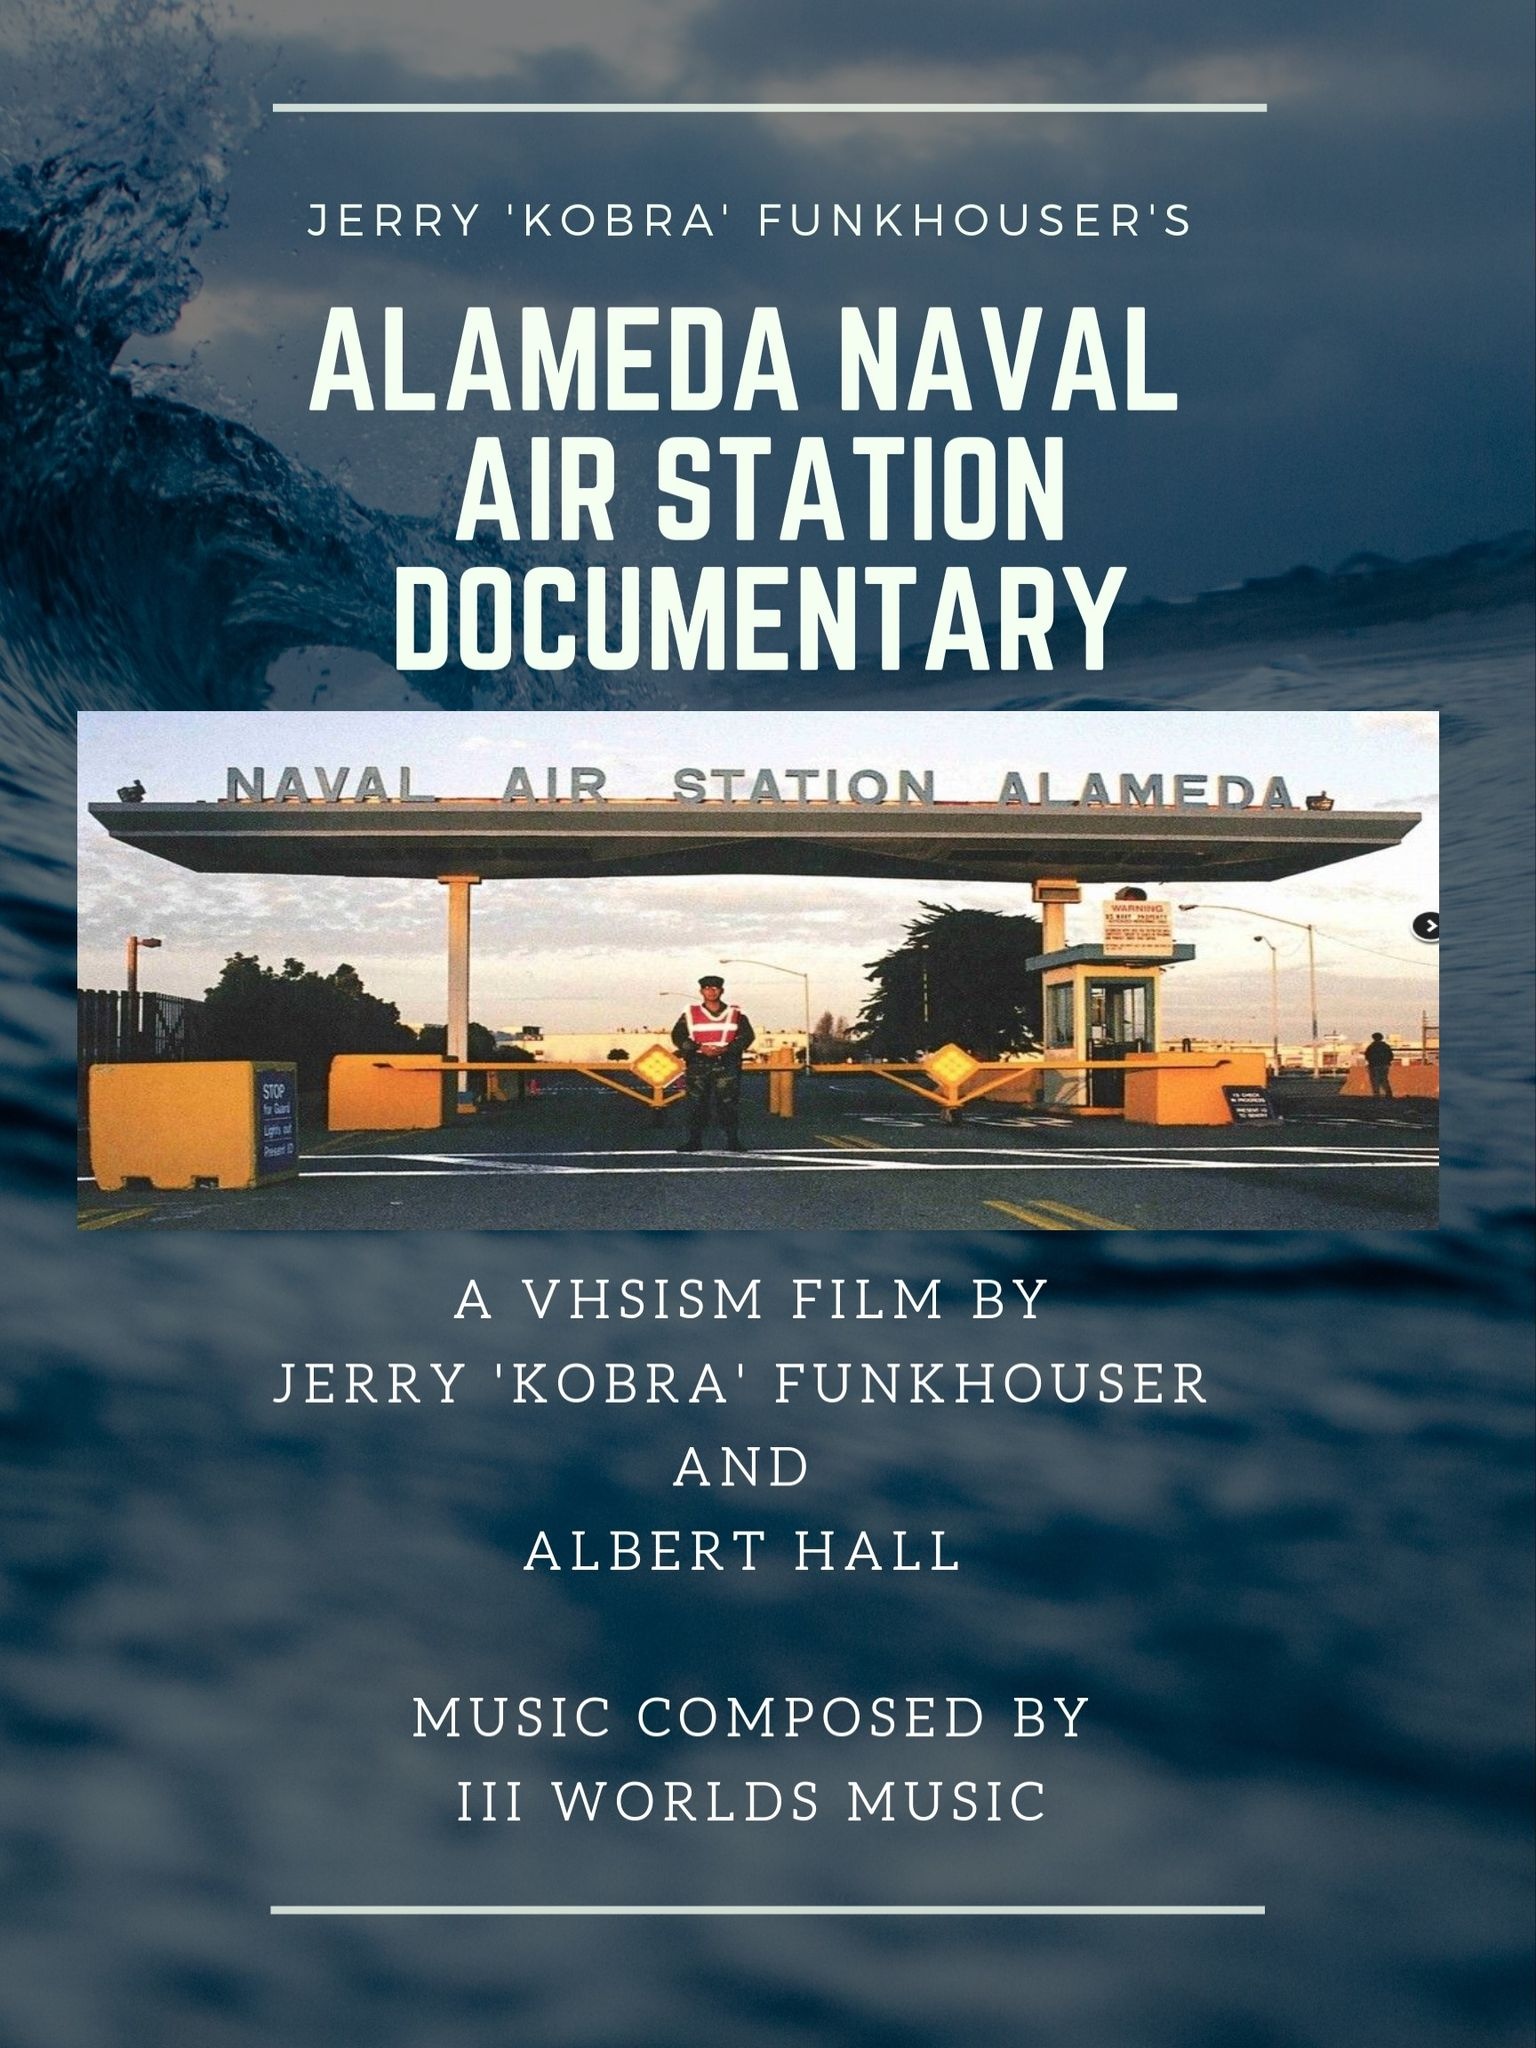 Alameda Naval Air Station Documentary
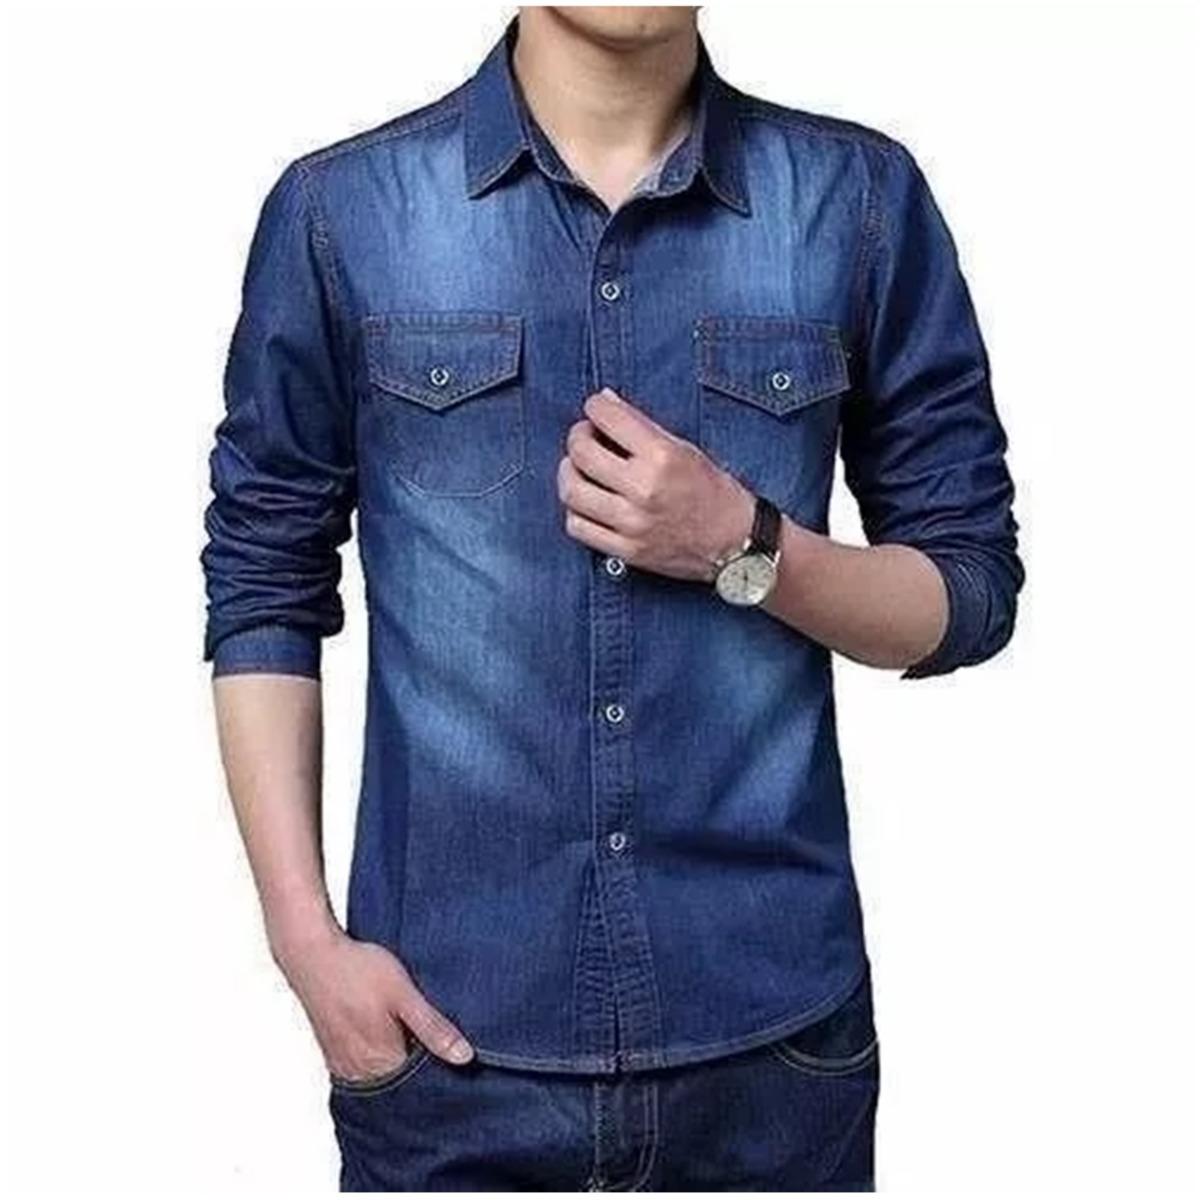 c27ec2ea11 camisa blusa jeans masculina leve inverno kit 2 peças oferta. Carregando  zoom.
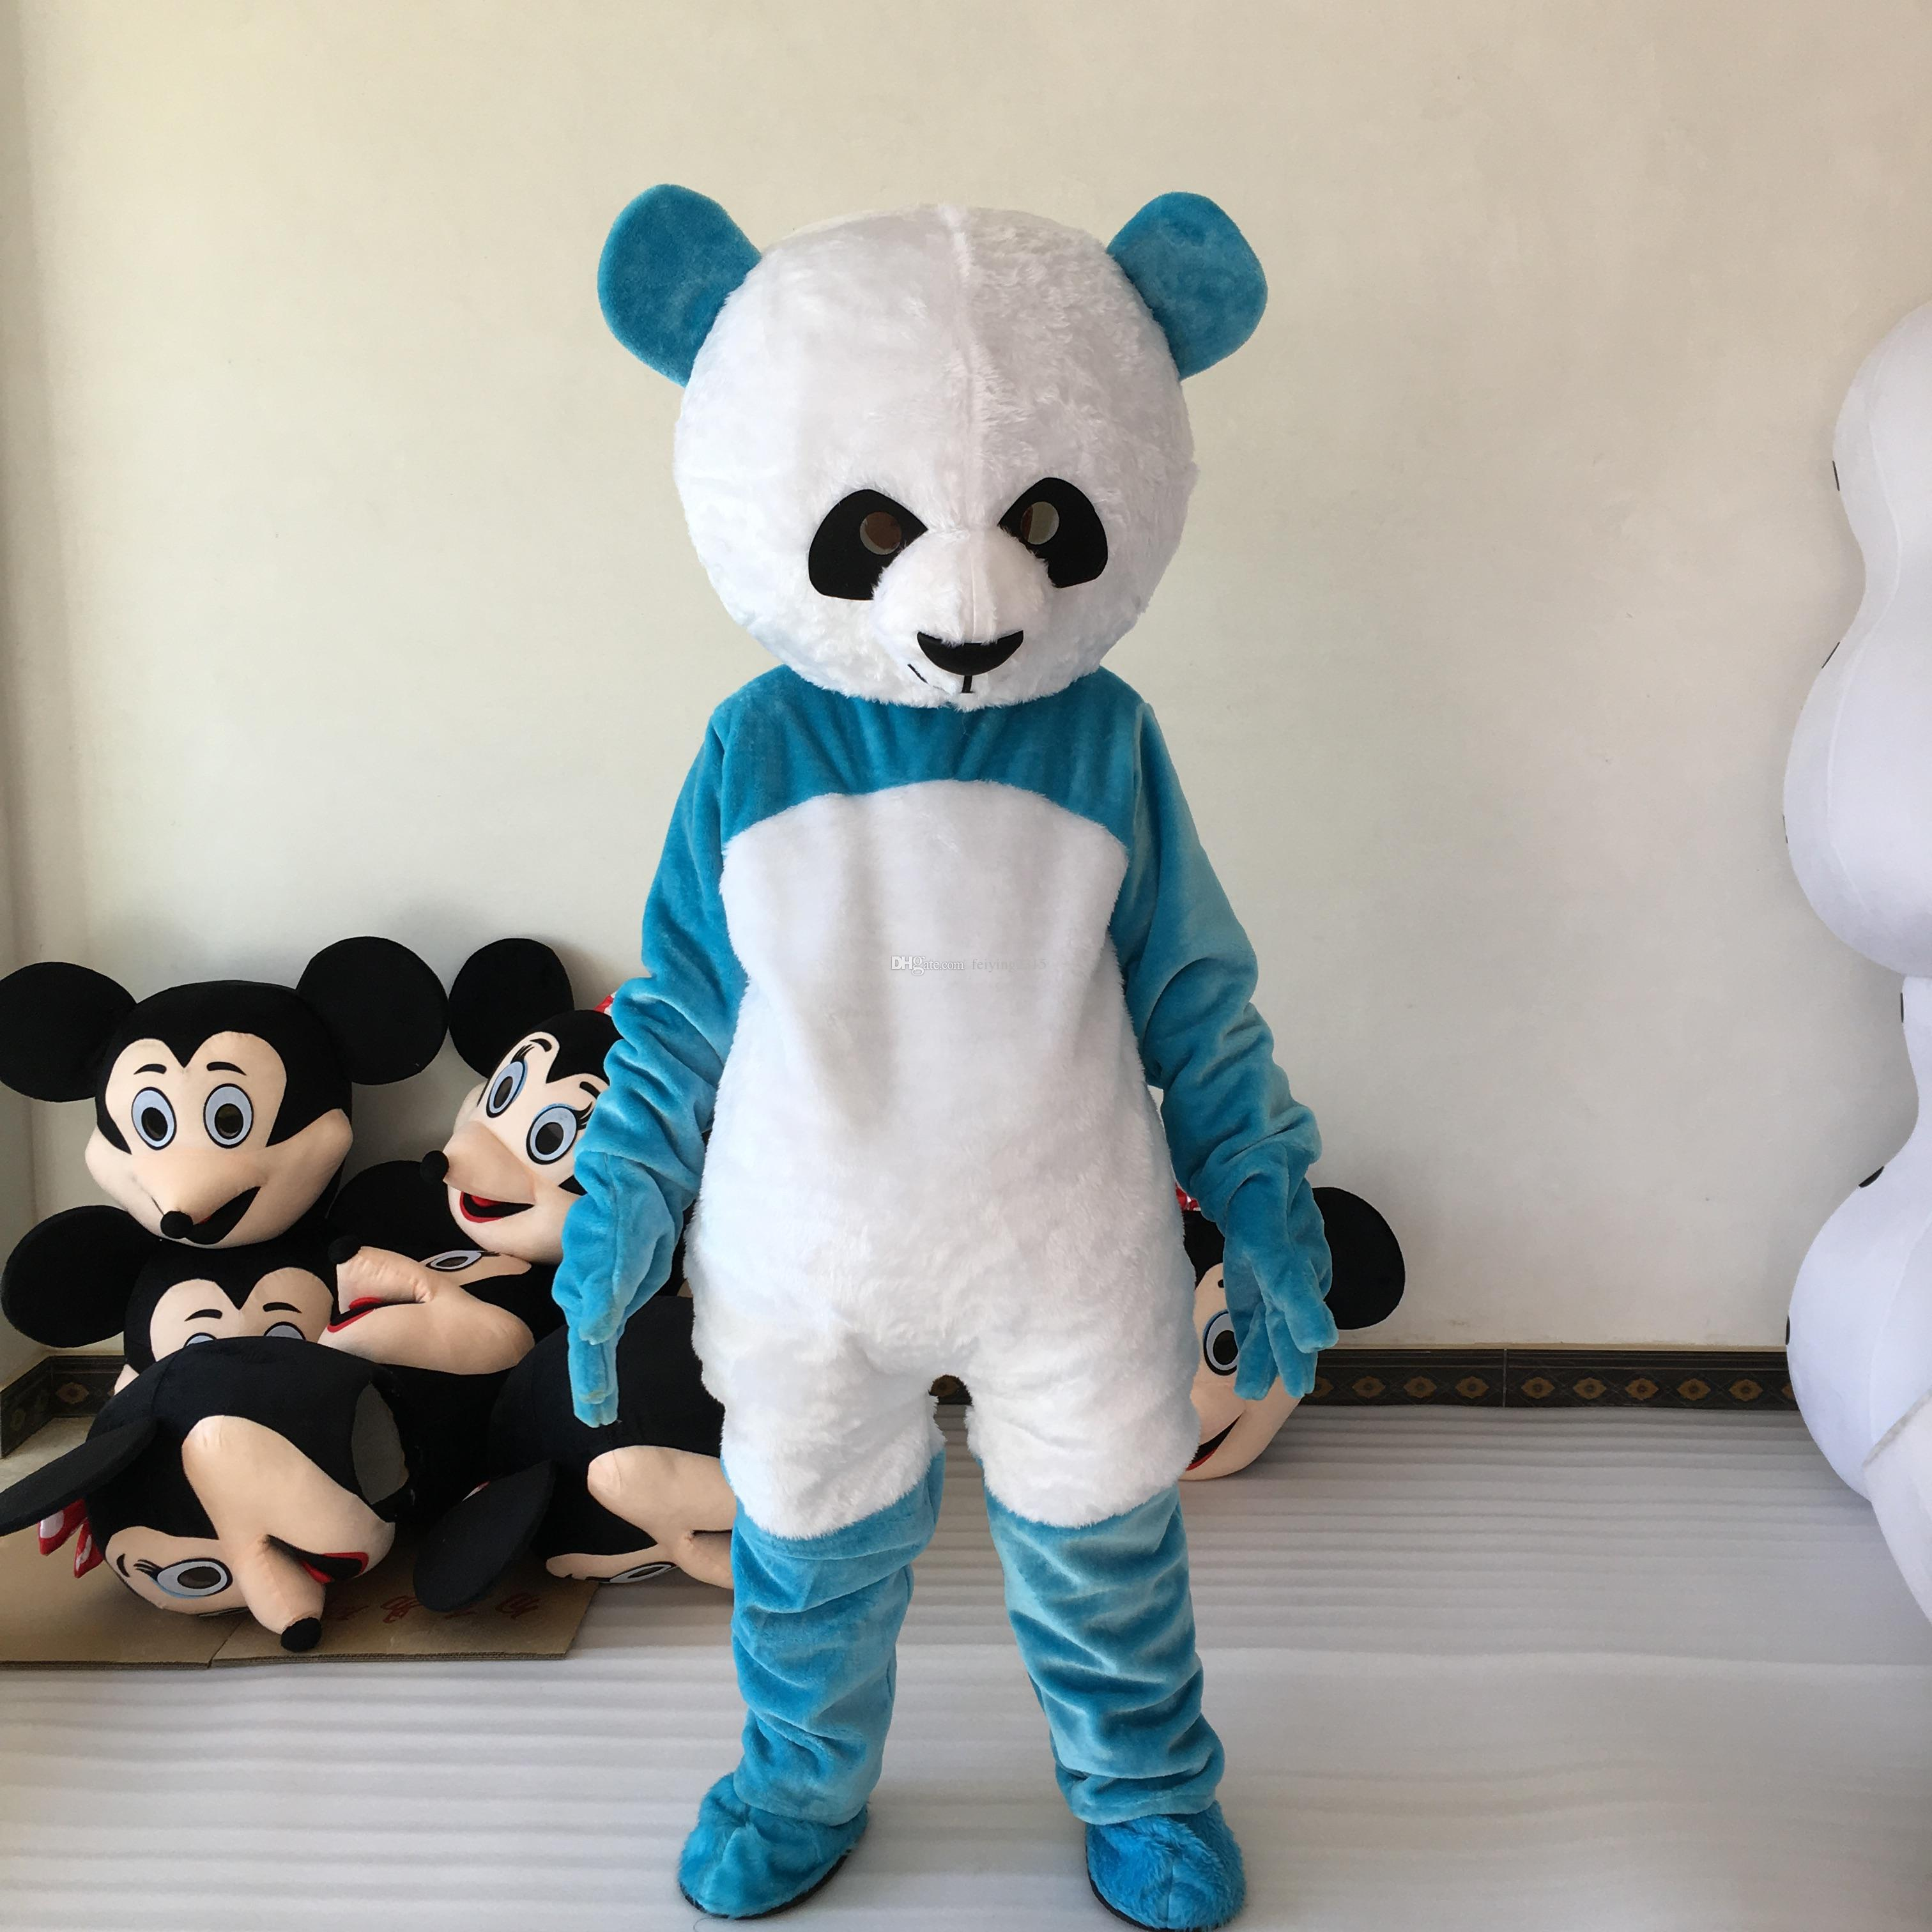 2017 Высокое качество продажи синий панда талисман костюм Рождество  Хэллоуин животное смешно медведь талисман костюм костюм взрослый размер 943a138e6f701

# Problem description
With the pictures removed, set down every line of the listing above exactly.

# Solution
 Alameda Naval Air Station Documentary
 c27ec2ea11 camisa blusa jeans masculina leve inverno kit 2 peças oferta. Carregando  zoom.
 2017 Высокое качество продажи синий панда талисман костюм Рождество  Хэллоуин животное смешно медведь талисман костюм костюм взрослый размер 943a138e6f701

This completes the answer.